A very cool cooling system

The NA62 Gigatracker is a jewel of technology: its sensor, which delivers the time of the crossing particles with a precision of less than 200 picoseconds (better than similar LHC detectors), has a cooling system that might become the precursor to a completely new detector technique.

 

The 115 metre long vacuum tank of the NA62 experiment.

The NA62 Gigatracker (GTK) is composed of a set of three innovative silicon pixel detectors, whose job is to measure the arrival time and the position of the incoming beam particles. Installed in the heart of the NA62 detector, the silicon sensors are cooled down (to about -20 degrees Celsius) by a microfluidic silicon device. “The cooling system is needed to remove the heat produced by the readout chips the silicon sensor is bonded to,” explains Alessandro Mapelli, microsystems engineer working in the Physics department. “For the NA62 Gigatracker we have designed a cooling plate on top of which both the silicon sensor and the readout chip are bonded.”

One hundred and fifty microchannels are etched in the ultrathin silicon cooling plate, which is then bonded on the silicon sensor and the readout chip.

One hundred and fifty microchannels are etched in the ultrathin silicon cooling plate in which a coolant circulates and keeps the whole system at its operating temperature. Each of the microchannels is just 70 µm deep and the silicon plate is only a few dozen µm thicker. This means that the microchannel cooling system can be implemented in silicon trackers as the additional material the beam particles have to cross is minimised and therefore the influence on the particle track is reduced significantly compared to traditional cooling methods. The stable low temperature helps to reduce the radiation damage to the detector and therefore increases its lifetime in the harsh environment.
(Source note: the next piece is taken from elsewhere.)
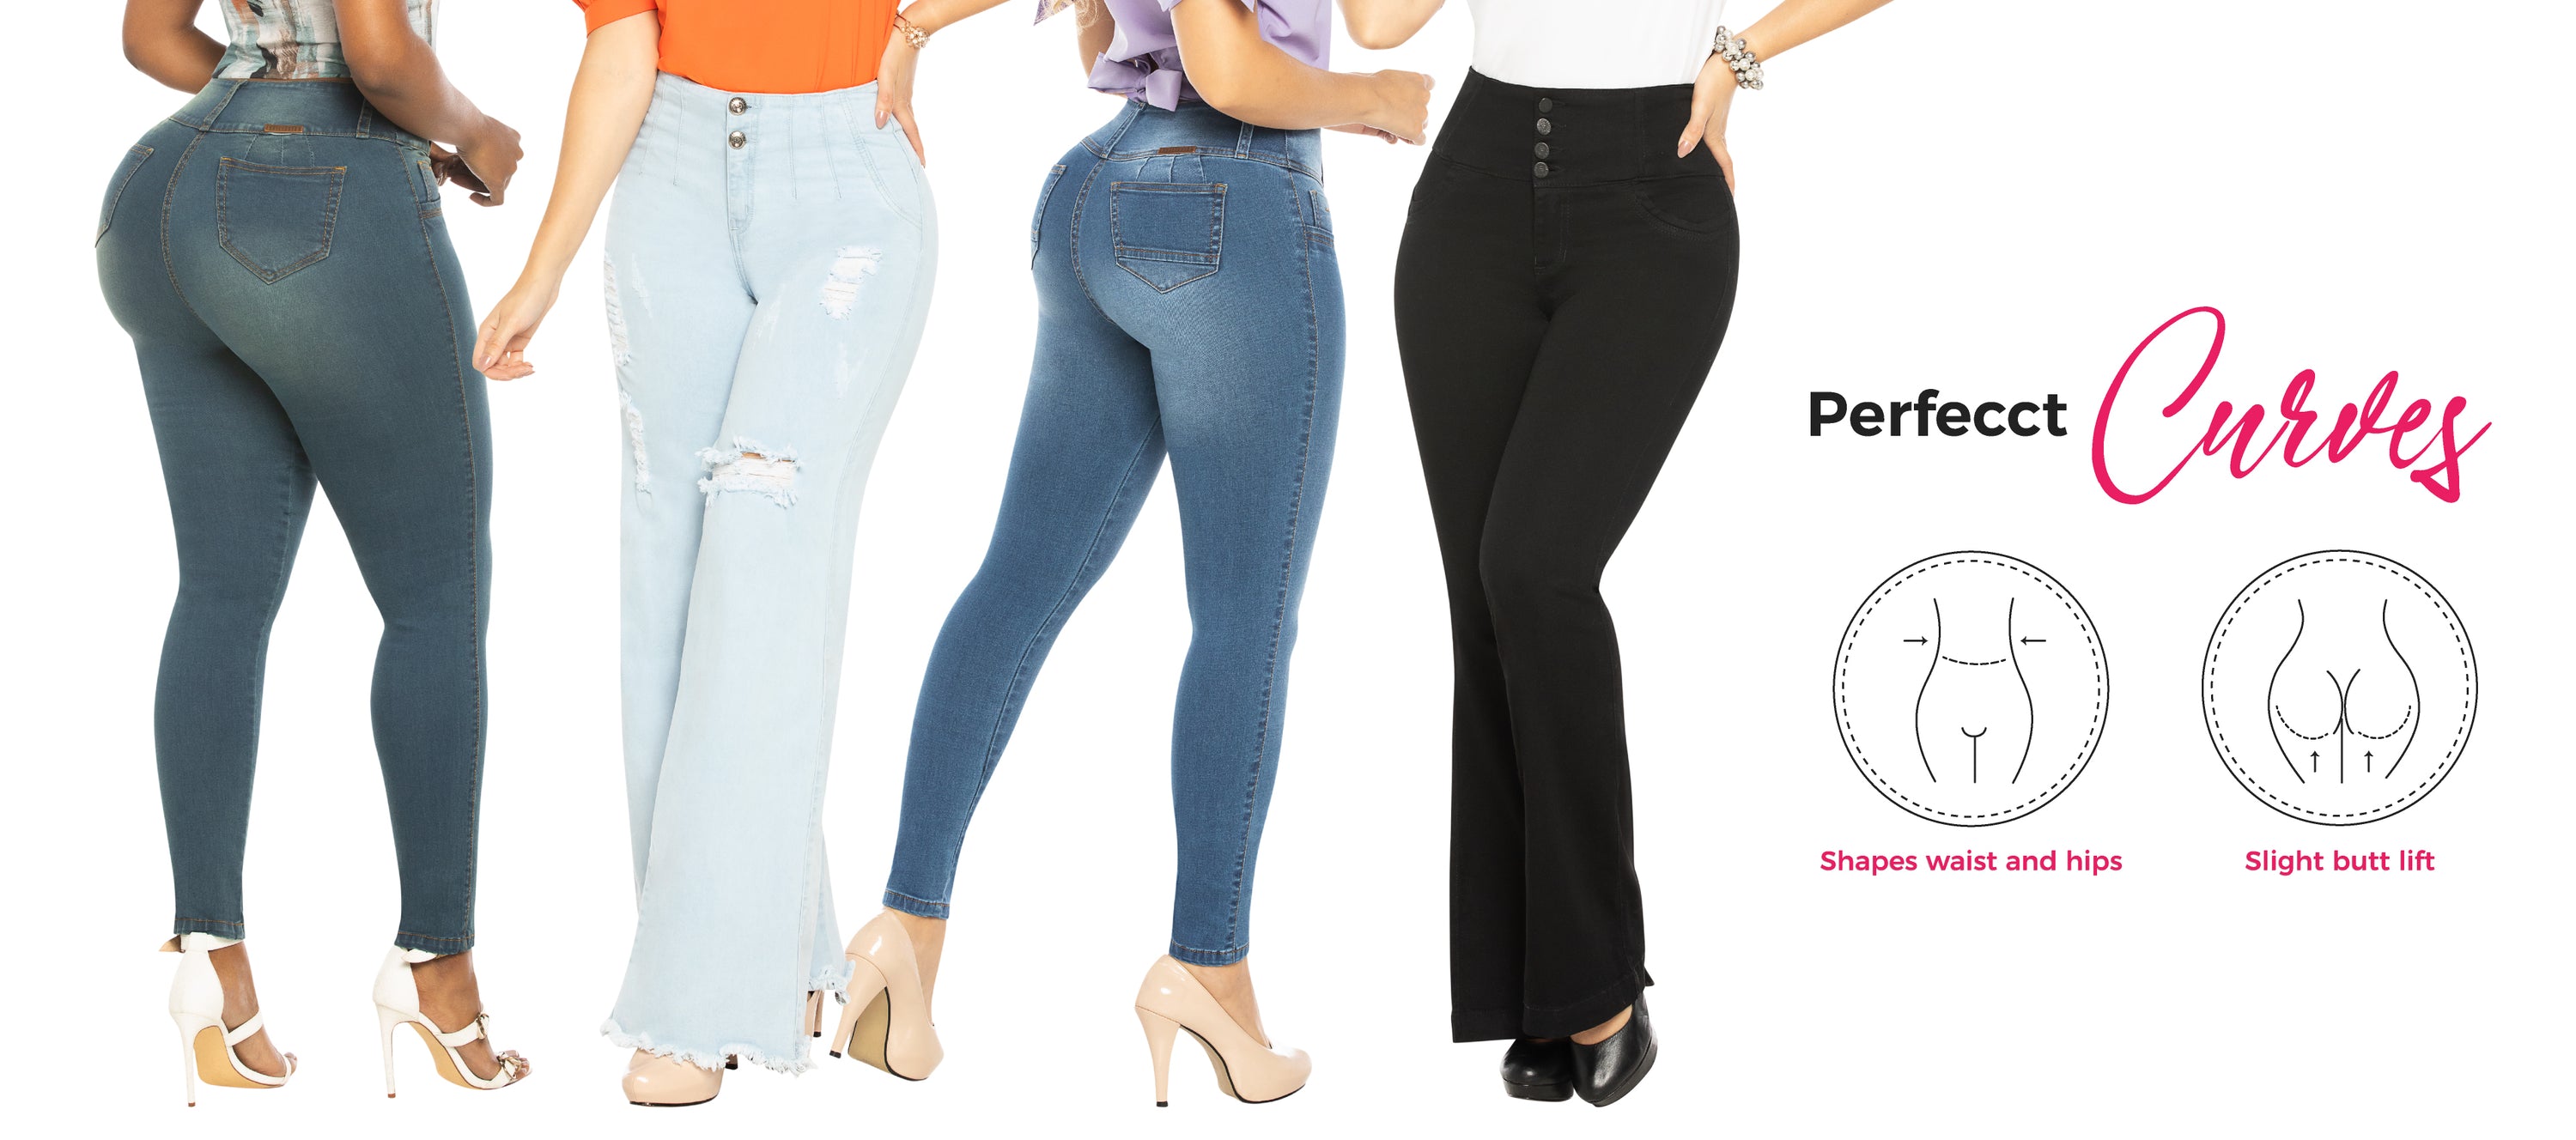 Equilibrium Colombian Body Shapers & Women Jeans. Shapewear
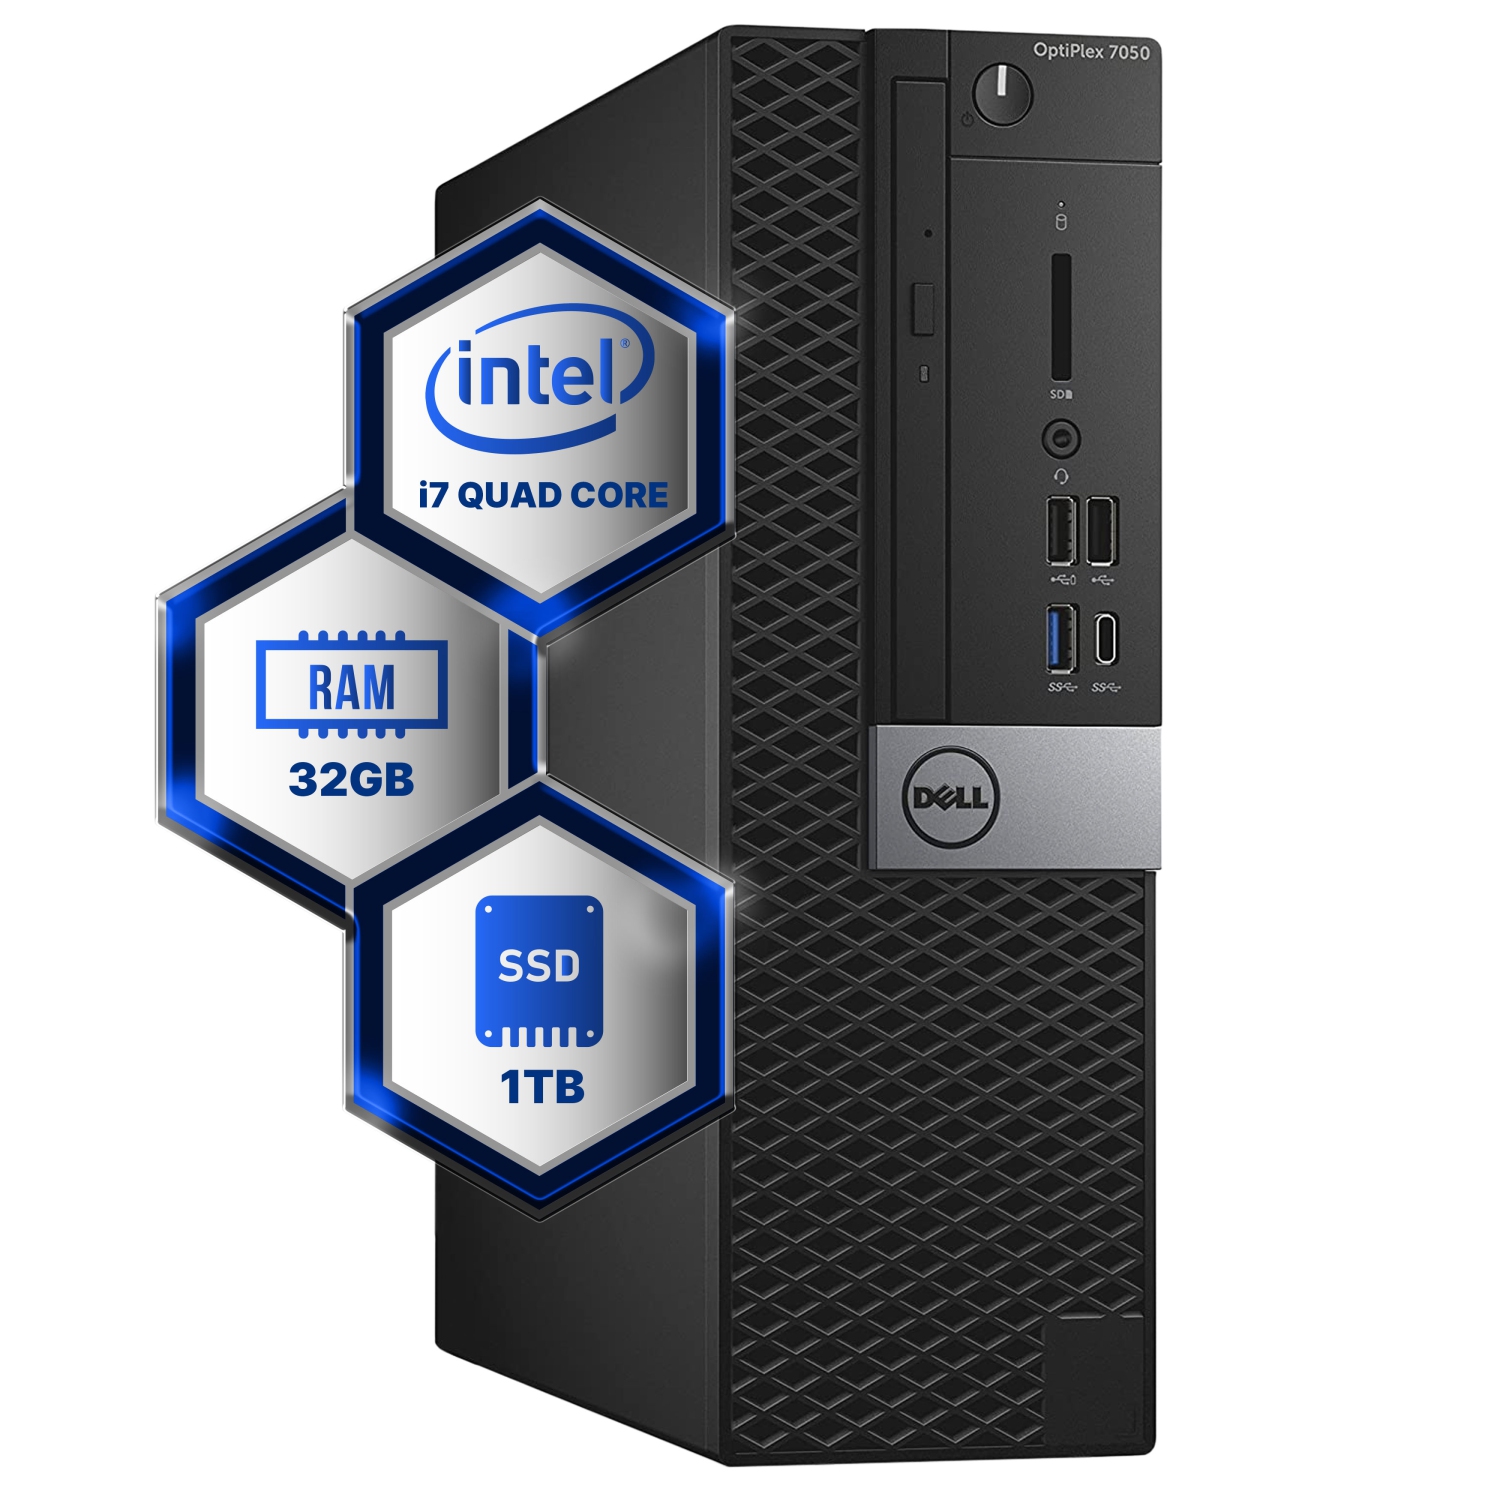 Refurbished (Good) - Dell Optiplex 7050 Desktop Computer | Quad Core Intel i7 (3.4) | 32GB DDR4 RAM | 1TB SSD Solid State | Windows 10 Professional | Home or Office PC

In the NA62 GTK, the sensors, readout electronics and cooling plates are all made of silicon. This is why the natural evolution scientists are thinking of is the integration of all the three components in one single device. “This is what we call a 'monolithic device',” explains Mapelli. “In particle physics experiments, it is very important to reduce the amount of material used in high-precision detectors. A single device incorporating the sensing layer, the electronics, and the services, such as the cooling, would be a very compact and thin system. It would also be less fragile than the current systems because it would require fewer manipulations. Finally, it would be more effective as the distance between the point where the heat is produced – namely the readout chip – and the coolant would be minimised.”

Experts in the CERN Physics department are currently working on future developments of this technology for high-energy physics detectors and beyond, as this technique could also be used in high-density computing, medical imaging and, more generally, in fields where images with sub-nanosecond time-measurement precision are used.